Interruzione: se la parte muore durante la causa e l’avvocato non lo dice

> Diritto e Fisco Pubblicato il 20 giugno 2015



A seguito di decesso del cliente l’avvocato ha solo un diritto potestativo e non anche un dovere a informare di ciò il giudice: se quindi il processo non si interrompe, la sentenza ha valore nei confronti degli eredi, salva la responsabilità del legale nei confronti di questi ultimi.

Far dichiarare l’interruzione del processo per il decesso, durante il giudizio, del proprio cliente non è un obbligo per l’avvocato.

L’avvocato è libero di non dire al giudice che, nel corso della causa, il proprio cliente è deceduto: pertanto, in tali casi, non si avrà la cosiddetta interruzione del giudizio [1], ma lo stesso procederà regolarmente e la sentenza sarà comunque vincolante e obbligatoria per gli eredi. Resta salva, ovviamente, nel caso in cui da ciò derivi un danno per gli eredi, la responsabilità nei loro confronti da parte del legale. Lo ha chiarito la Cassazione in una recente sentenza [2].

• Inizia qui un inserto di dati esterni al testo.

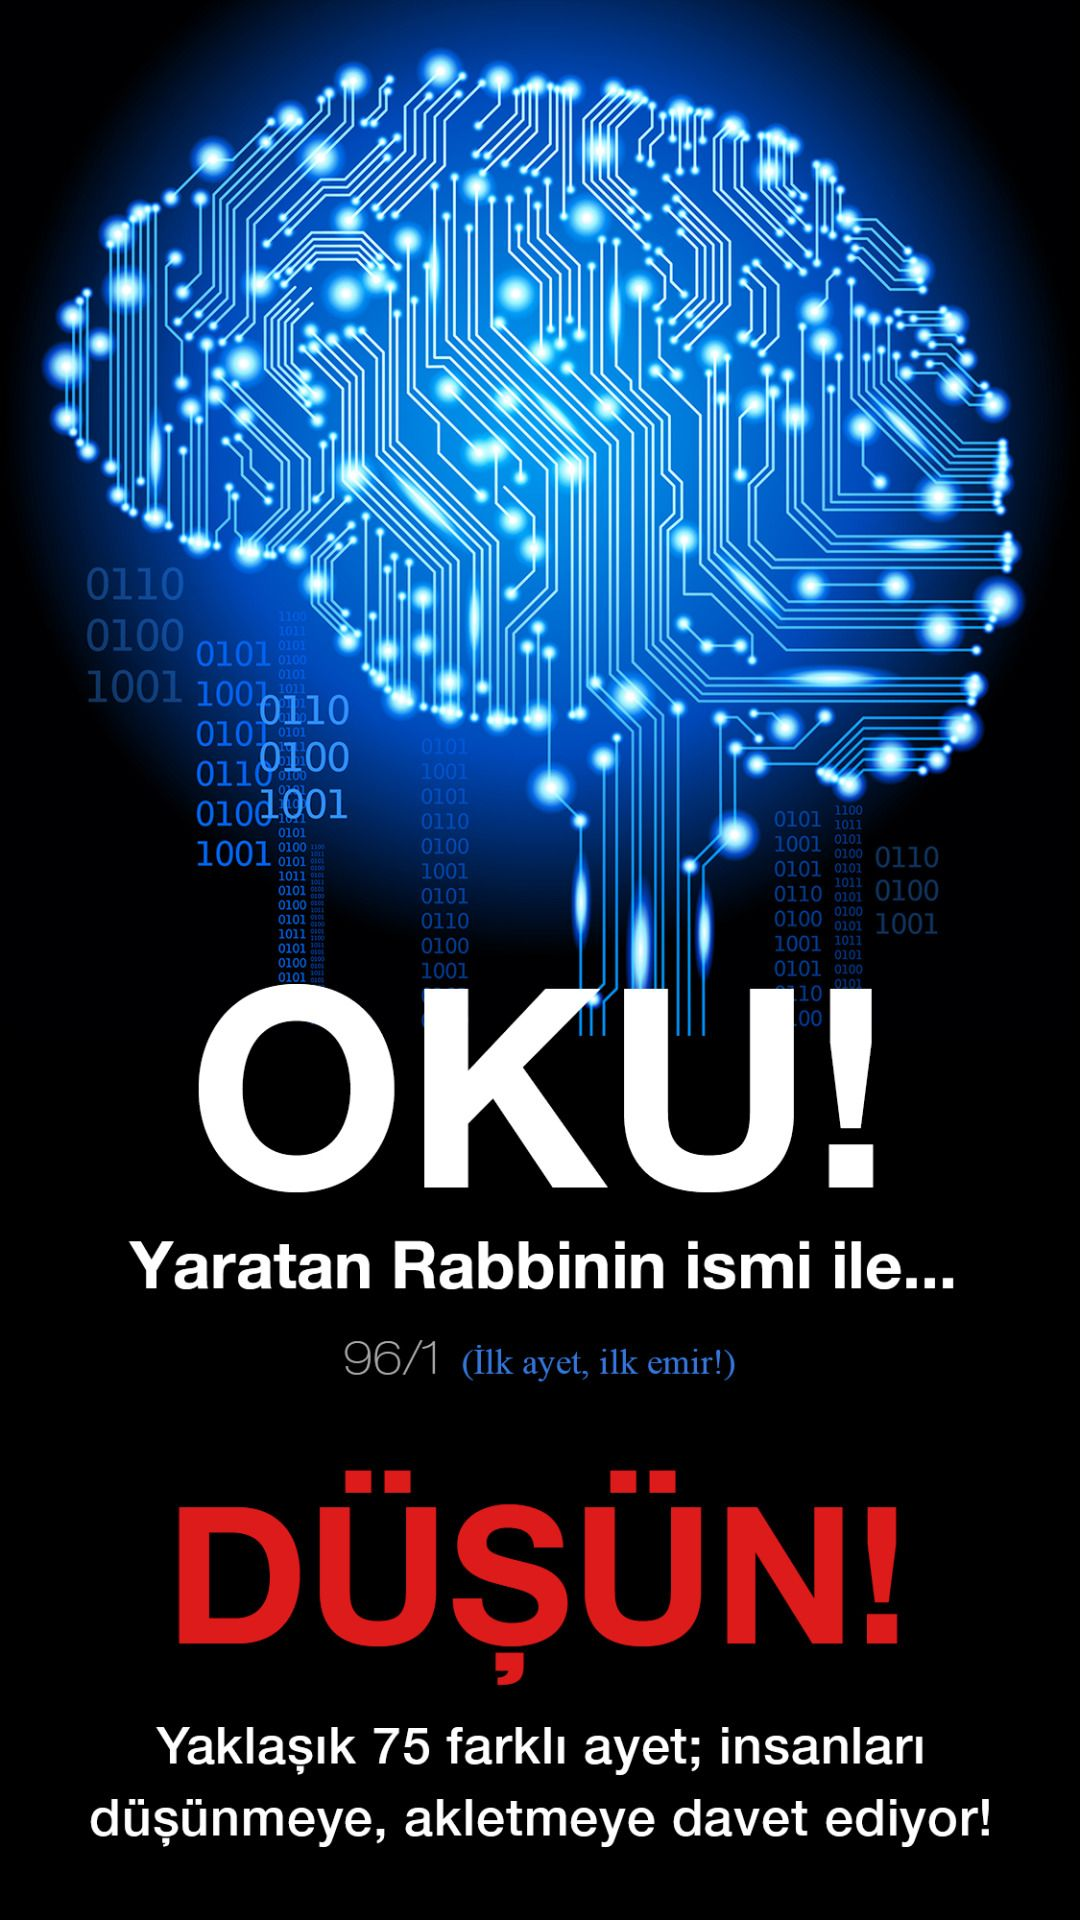 Wallpapers iphone quran - Islam Quran Holy Quran Kur An Kuran Verse Ayet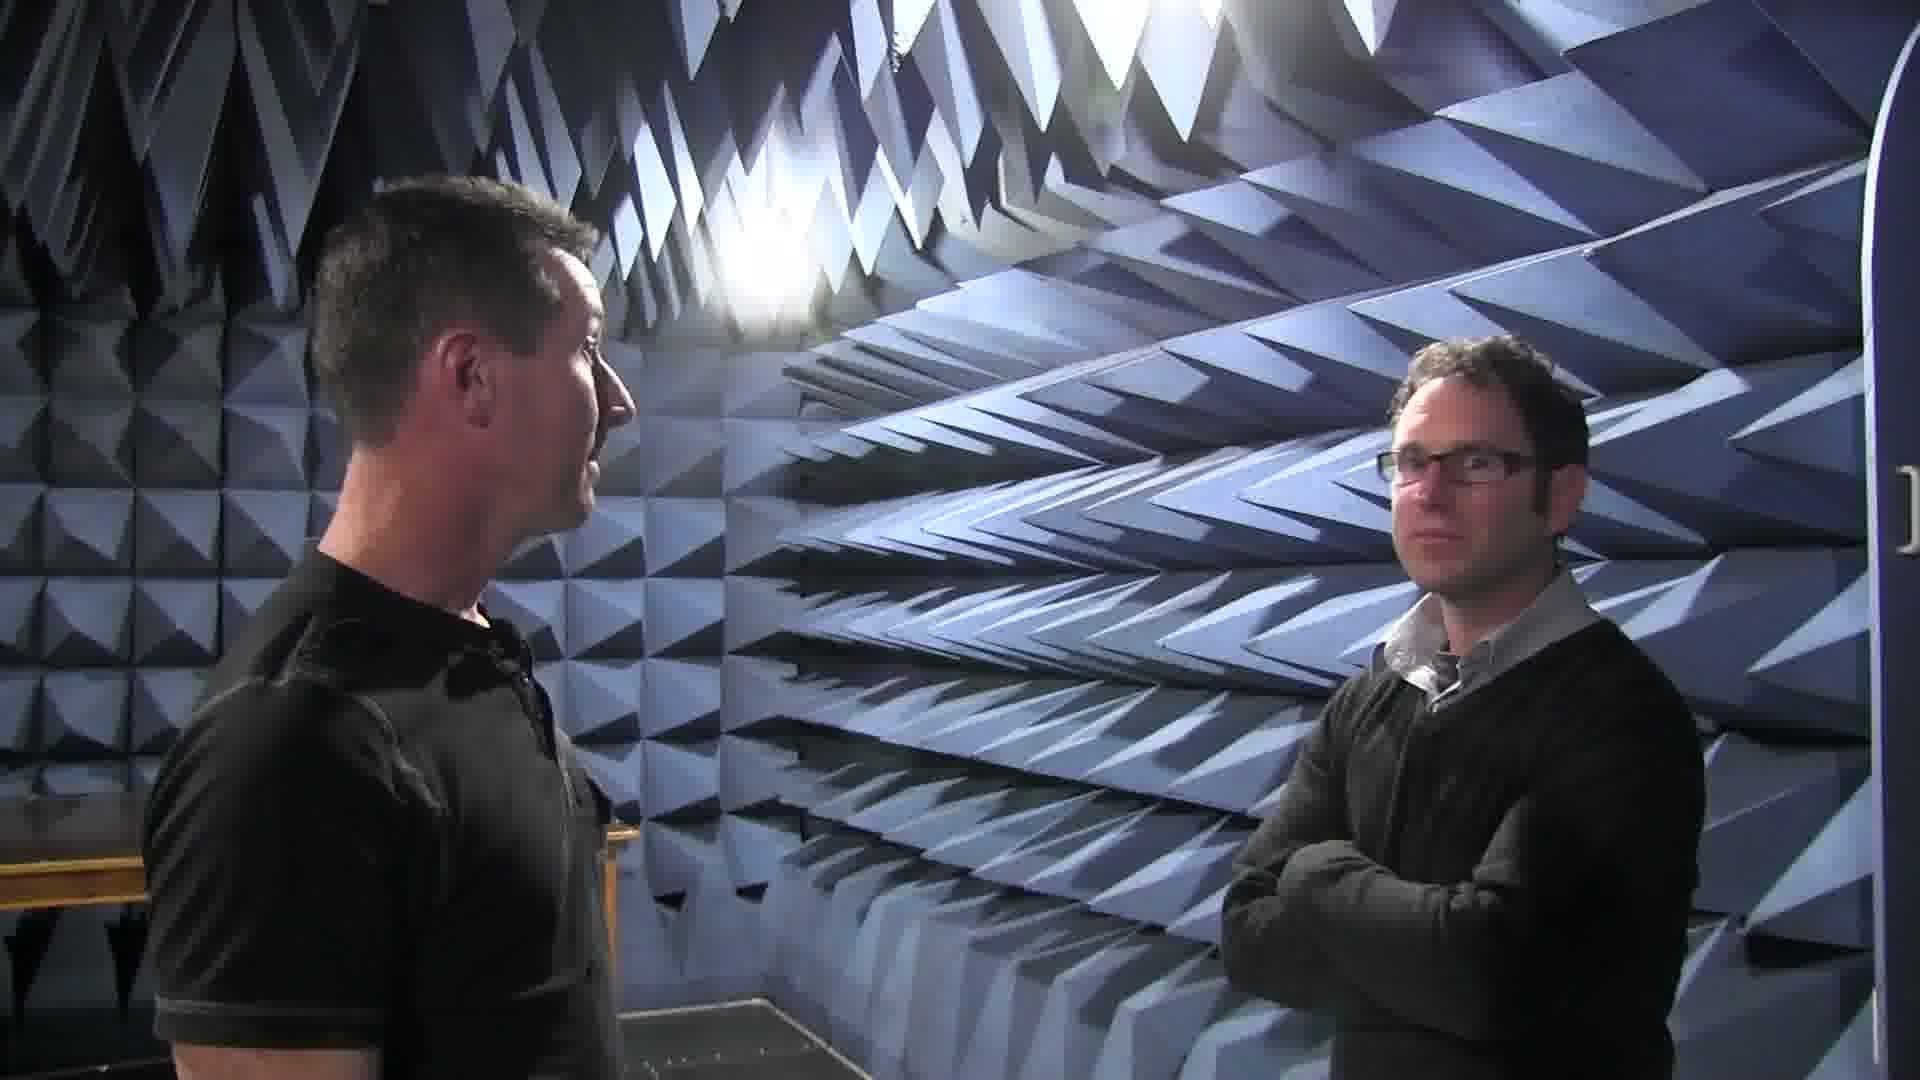 EEVblog #202 – EMC RF Anechoic Test Facility Tour

È irrilevante l’omessa interruzione del processo a seguito del decesso della parte sostanziale. Infatti l’interruzione del processo per morte o perdita della capacità della parte costituita a mezzo di procuratore si verifica solo nel momento in cui l’evento è dichiarato dall’avvocato stesso. Quest’ultimo, però, non è tenuto a fare tale dichiarazione così come ha precisato la Corte di Cassazione [3], secondo cui siffatta dichiarazione “non integra un dovere, bensì un diritto potestativo processuale del procuratore costituito”.

note

[1] Art. 300 cod. proc. civ.

[2] Cass. sent. n. 12642/15 del 18.06.2015.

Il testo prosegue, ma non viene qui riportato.